Home > Uncategorized > FDR’s 1938 Address To Congress On Monopoly Provides A Path Forward Today

FDR’s 1938 Address To Congress On Monopoly Provides A Path Forward Today

Harris/Walz Democrats Have An Opportunity To Follow FDR’s Lead

President Biden delivers the keynote address tonight to start the Democratic Party’s convention in Chicago.

The ghosts and many echoes of Chicago ’68 (see:The Ghost of Hubert Humphrey Is Stalking Kamala Harris have gotten the attention of even The NY Times (see: When Chaos Came To Chicago”).

Since unfortunately I can’t be out in the streets with the protesters, I thought I’d offer moderate thoughts on a far different history, a timely focus on what FDR once described as “The Choice before Us” in his famous 1938 “Message To Congress On Curbing Monopolies”:

Examination of methods of conducting and controlling private enterprise which keep it from furnishing jobs or income or opportunity for one-third of the population is long overdue on the part of those who sincerely want to preserve the system of private enterprise for profit.
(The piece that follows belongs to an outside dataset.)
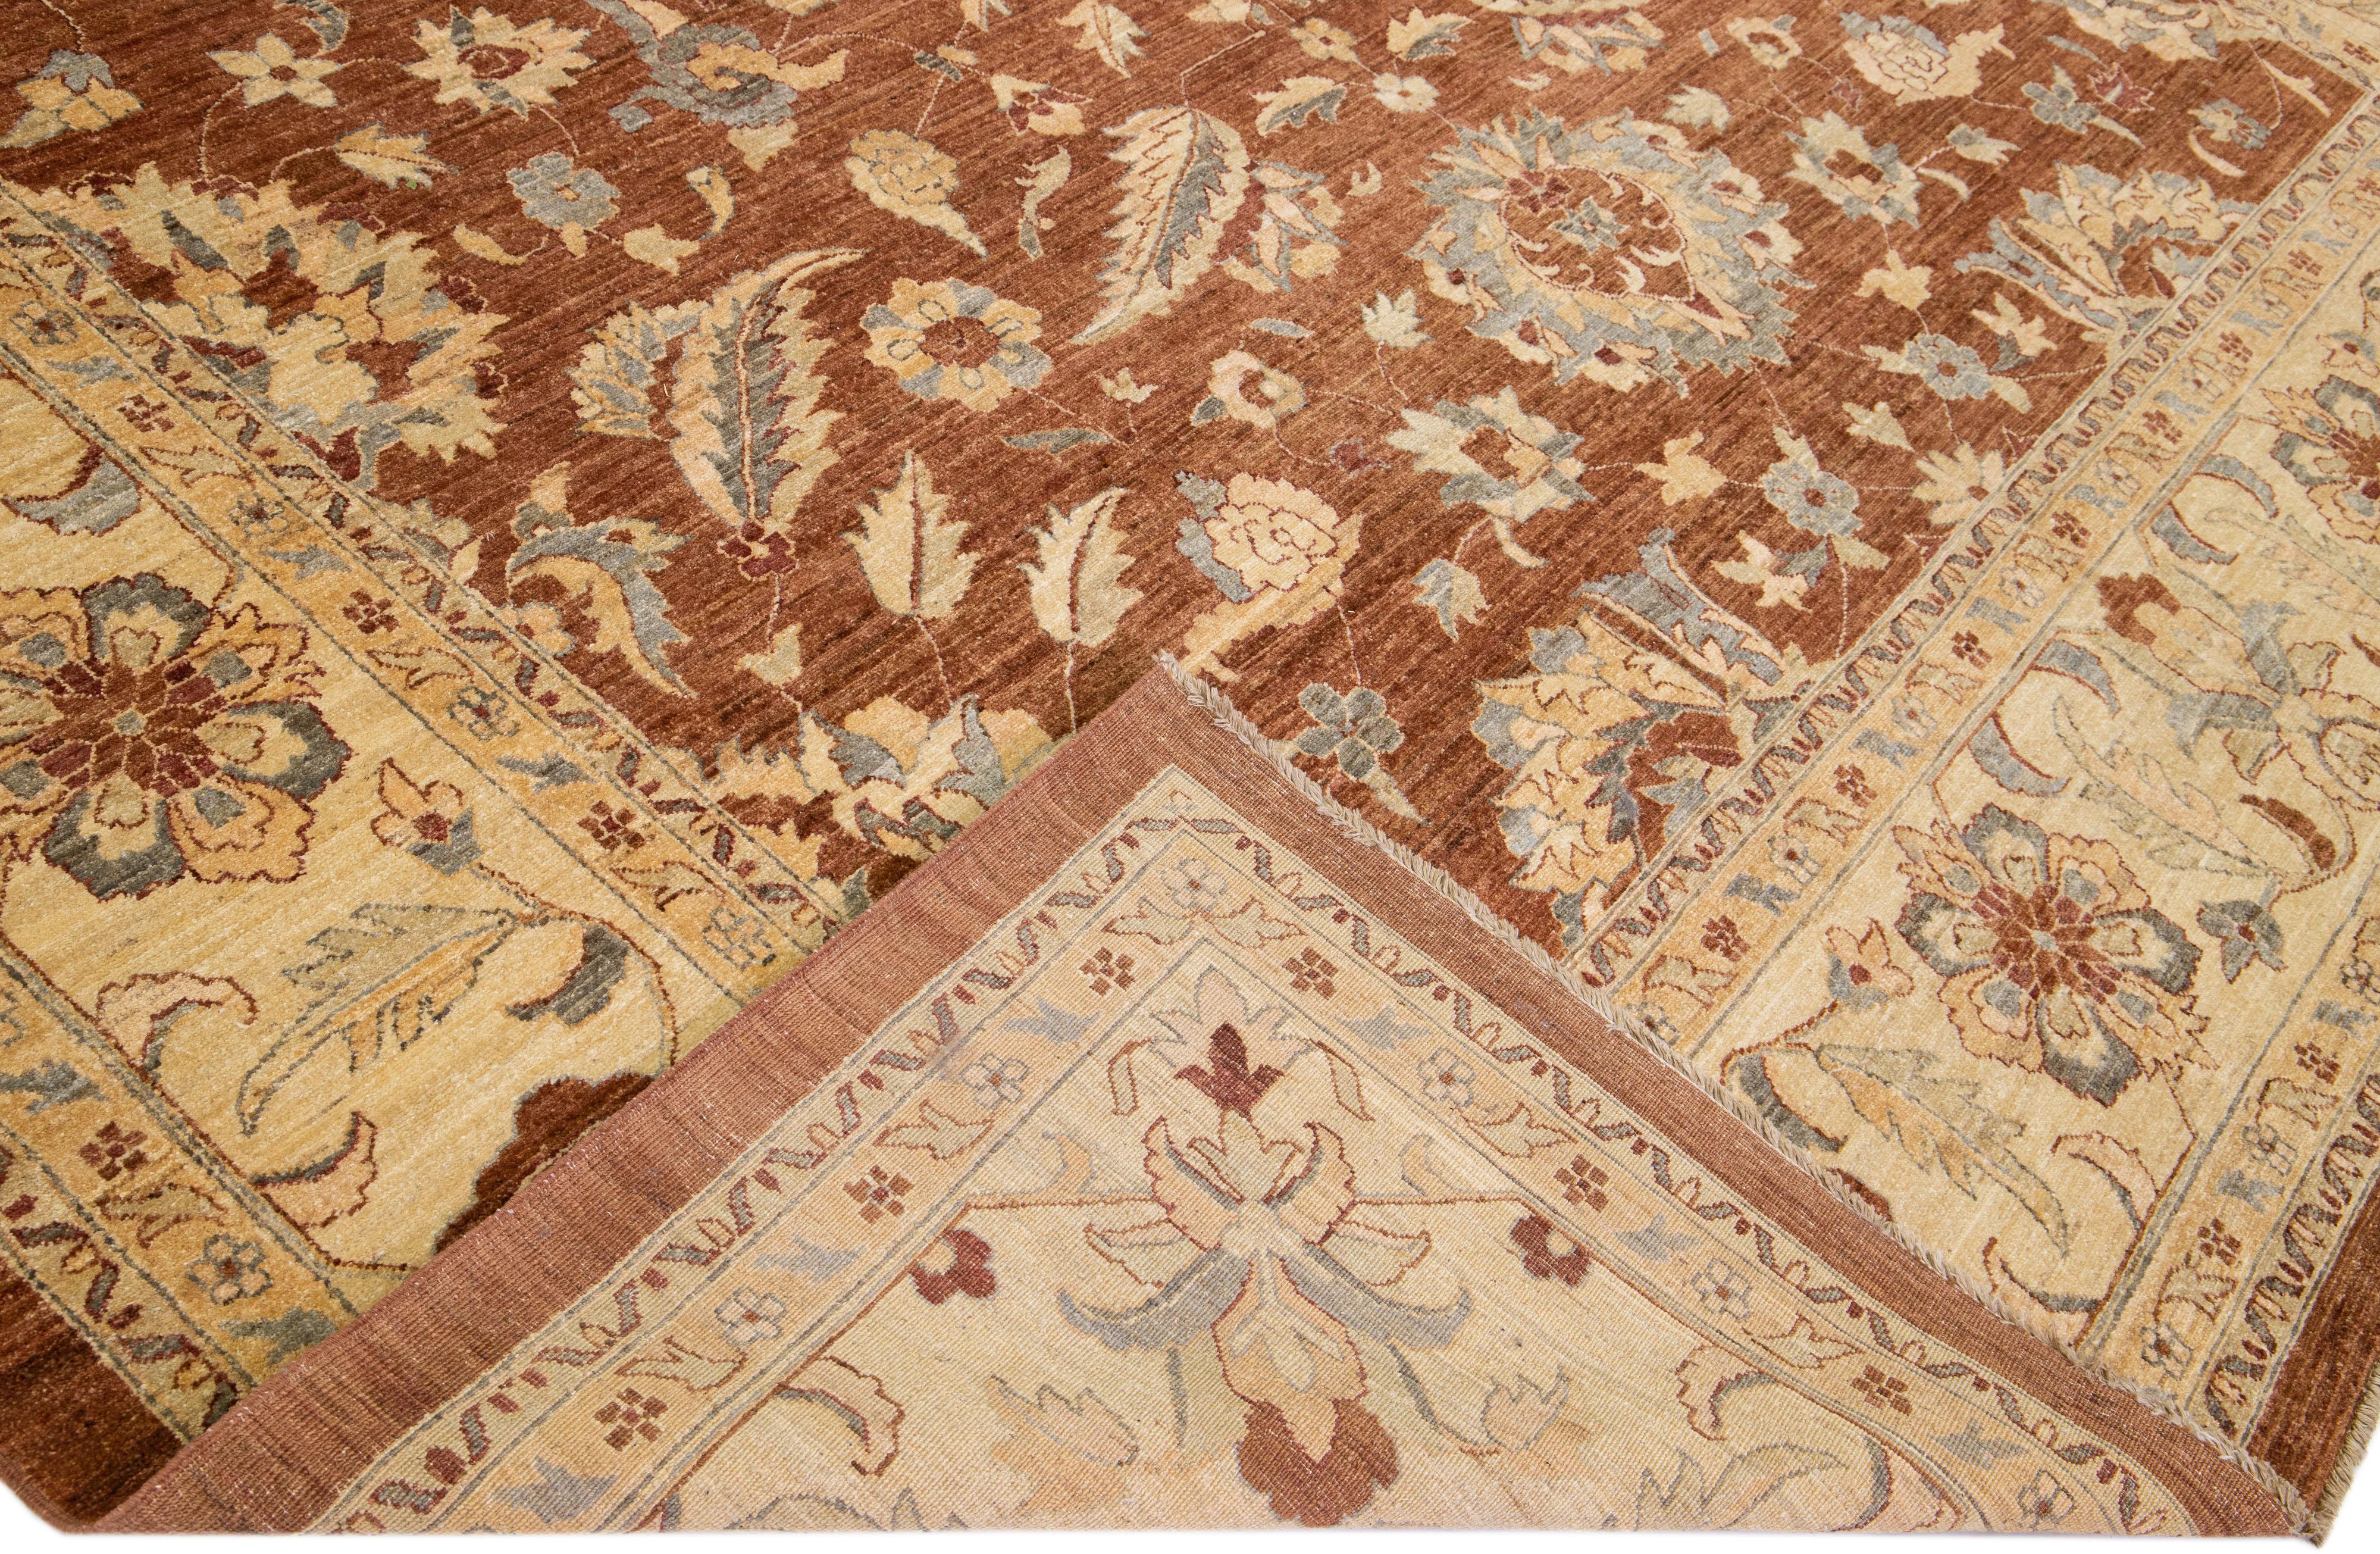 Beautiful antique Tabriz-style hand-knotted wool rug with a brown color field. This piece has a beige and blue accent in a gorgeous floral design.

This rug measures 12'6

No people, least of all a democratic people, will be content to go without work or to accept some standard of living which obviously and woefully falls short of their capacity to produce. No people, least of all a people with our traditions of personal liberty, will endure the slow erosion of opportunity for the common man, the oppressive sense of helplessness under the domination of a few, which are overshadowing our whole economic life. …

The power of a few to manage the economic life of the nation must be diffused among the many or be transferred to the public and its democratically responsible government. If prices are to be managed and administered, if the nation’s business is to be allotted by plan and not by competition, that power should not be vested in any private group or cartel, however benevolent its professions profess to be.

FDR was no Socialist – he was seeking modest reforms to preserve capitalism and to derail political revolution.

Although today’s economic conditions and abuses of power of corporations and monopoly are as bad and in many ways worse than those FDR faced in 1938,  I strongly doubt we’ll hear anything like that from Biden tonight.

FDR framed the issue and source of the problem in his first paragraph: the threat of fascism:

The first truth is that the liberty of a democracy is not safe if the people tolerate the growth of private power to a point where it becomes stronger than their democratic state itself. That, in its essence, is Fascism—ownership of Government by an individual, by a group, or by any other controlling private power.

Today, we face not only the economic power of corporations FDR described.

Today, corporate power has expanded to entrench an Oligarchy that has bought Congress and the Supreme Court, controls the media and cultural institutions – who distribute propaganda – and are financing and stoking culture wars and Christian Nationalists with strong fascistic cultural and political tendencies.

They form the Trump base. They are not right wing Populists. They are fascists.

I urge folks to read the entirety of FDR’s message to Congress and consider the policy and program he set forth: (topical bullets from the address):

  • THE GROWING CONCENTRATION OF ECONOMIC POWER.
  • FINANCIAL CONTROL OVER INDUSTRY
  • THE DECLINE OF COMPETITION AND ITS EFFECTS ON EMPLOYMENT
  • COMPETITION DOES NOT MEAN EXPLOITATION
  • A PROGRAM

FDR tied his program reforms not to a European Socialists program, but to American traditions:

No man of good faith will misinterpret these proposals. They derive from the oldest American traditions. Concentration of economic power in the few and the resulting unemployment of labor and capital are inescapable problems for a modern “private enterprise” democracy. I do not believe that we are so lacking in stability that we shall lose faith in our own way of living just because we seek to find out how to make that way of living work more effectively. …

It is a program whose basic purpose is to stop the progress of collectivism in business and turn business back to the democratic competitive order.

And that sure sounds like an effective rebuttal to Trump’s delusional attacks on the Democrats as “Communists” and “Socialists”.